A Comparative Analysis of Business Machine Learning in Making Effective Financial Decisions Using Structural Equation Model (SEM)

Journal of Food Quality - Tập 2022 - Trang 1-7 - 2022
A. V. L. N. Sujith1, Naila Iqbal Qureshi2, Venkata Harshavardhan Reddy Dornadula3, Abinash Rath4, Kolla Bhanu Prakash5, Sitesh Kumar Singh6
1Department of Computer Science and Engineering, Anantha Lakshmi Institute of Technology and Sciences, Ananthapuramu, India
2Department of Business Administration, College of Business Administration, Princess Nourah Bint Abdulrahman University, Riyadh, Saudi Arabia
3IT & ITES Department, Startups Mentoring Society, Tirupati, Andhra Pradesh 517501, India
4School of Business, The Assam Kaziranga University, Jorhat, India
5Department of Computer Science Engineering, K L Deemed to Be University, Green Fields, Vaddeswaram, Guntur District, A.P., India
6Department of Civil Engineering, Wollega University, Nekemte, Oromia, Ethiopia

Tóm tắt

Globally, organisations are focused on deriving more value from the data which has been collected from various sources. The purpose of this research is to examine the key components of machine learning in making efficient financial decisions. The business leaders are now faced with huge volume of data, which needs to be stored, analysed, and retrieved so as to make effective decisions for achieving competitive advantage. Machine learning is considered to be the subset of artificial intelligence which is mainly focused on optimizing the business process with lesser or no human interventions.
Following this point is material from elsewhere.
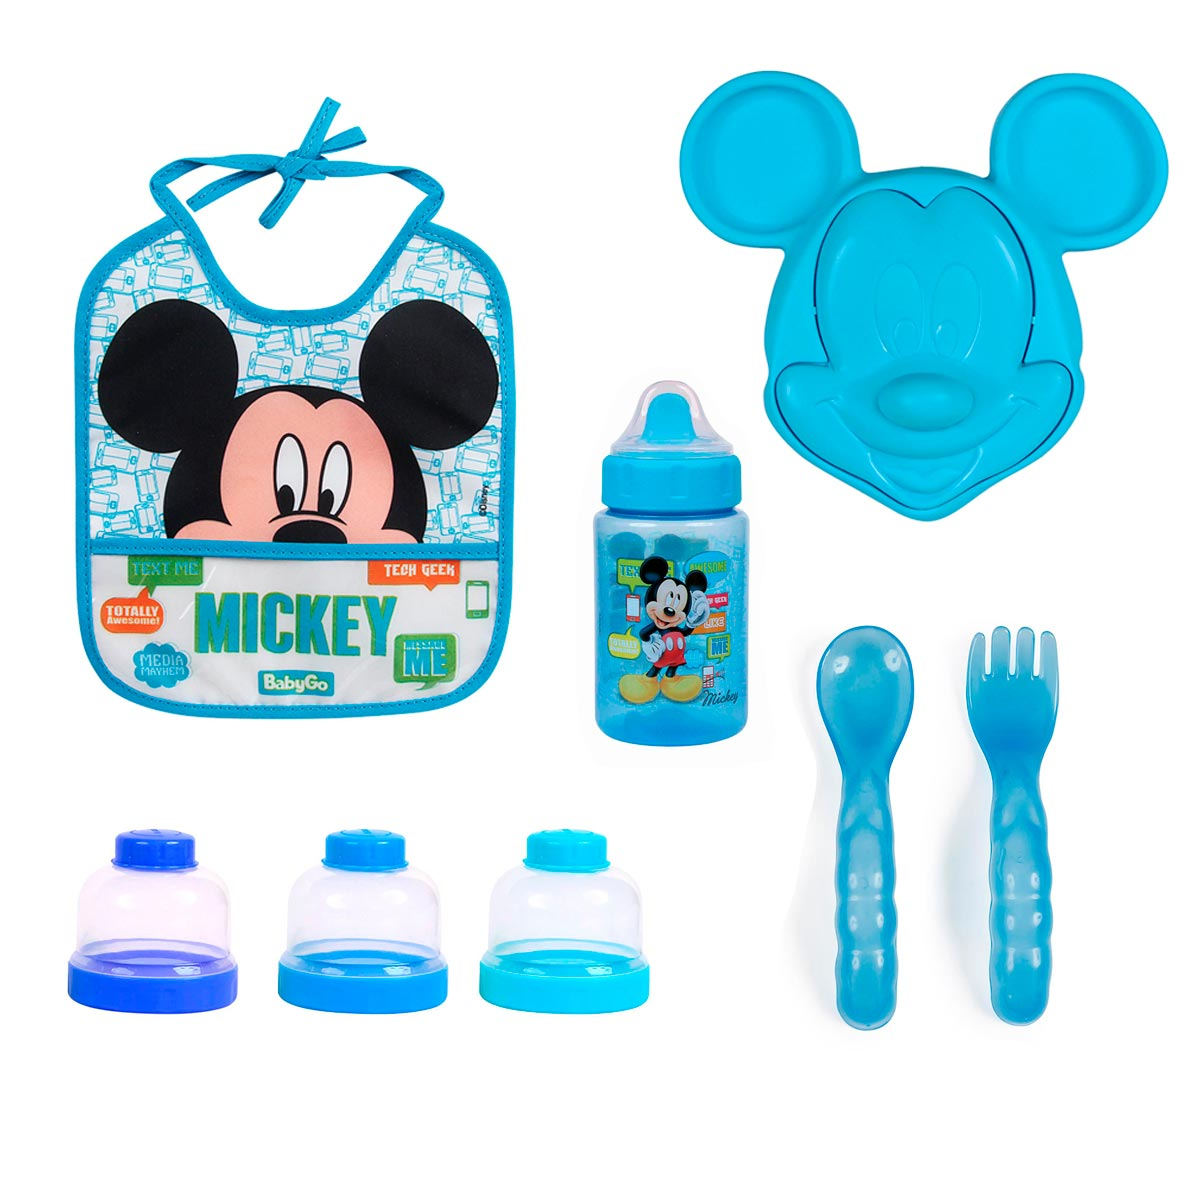 Kit Hora Da Papinha Mickey Mouse Disney

The ML techniques enable analysing the pattern and recognizing from large data set and provide the necessary information to the management for effective decision making in different areas covering finance, marketing, supply chain, human resources, etc. Machine learning enables extracting the quality patterns and forecasting the data from the data base and fosters growth; the machine learning enables transition from the physical data to electronically stored data, enables enhancing the memory, and supports with financial decision making and other aspects. This study is focused on addressing the application of machine learning in making the effective financial decision making among the companies; the application of ML has emerged as a critical technology which is being applied in the current competitive market, and it has offered more opportunities to the business leaders in leveraging the large volume of data. The study is intended to collect the data from employees, managers, and business leaders in various industries to understand the influence of machine learning in financial decision making .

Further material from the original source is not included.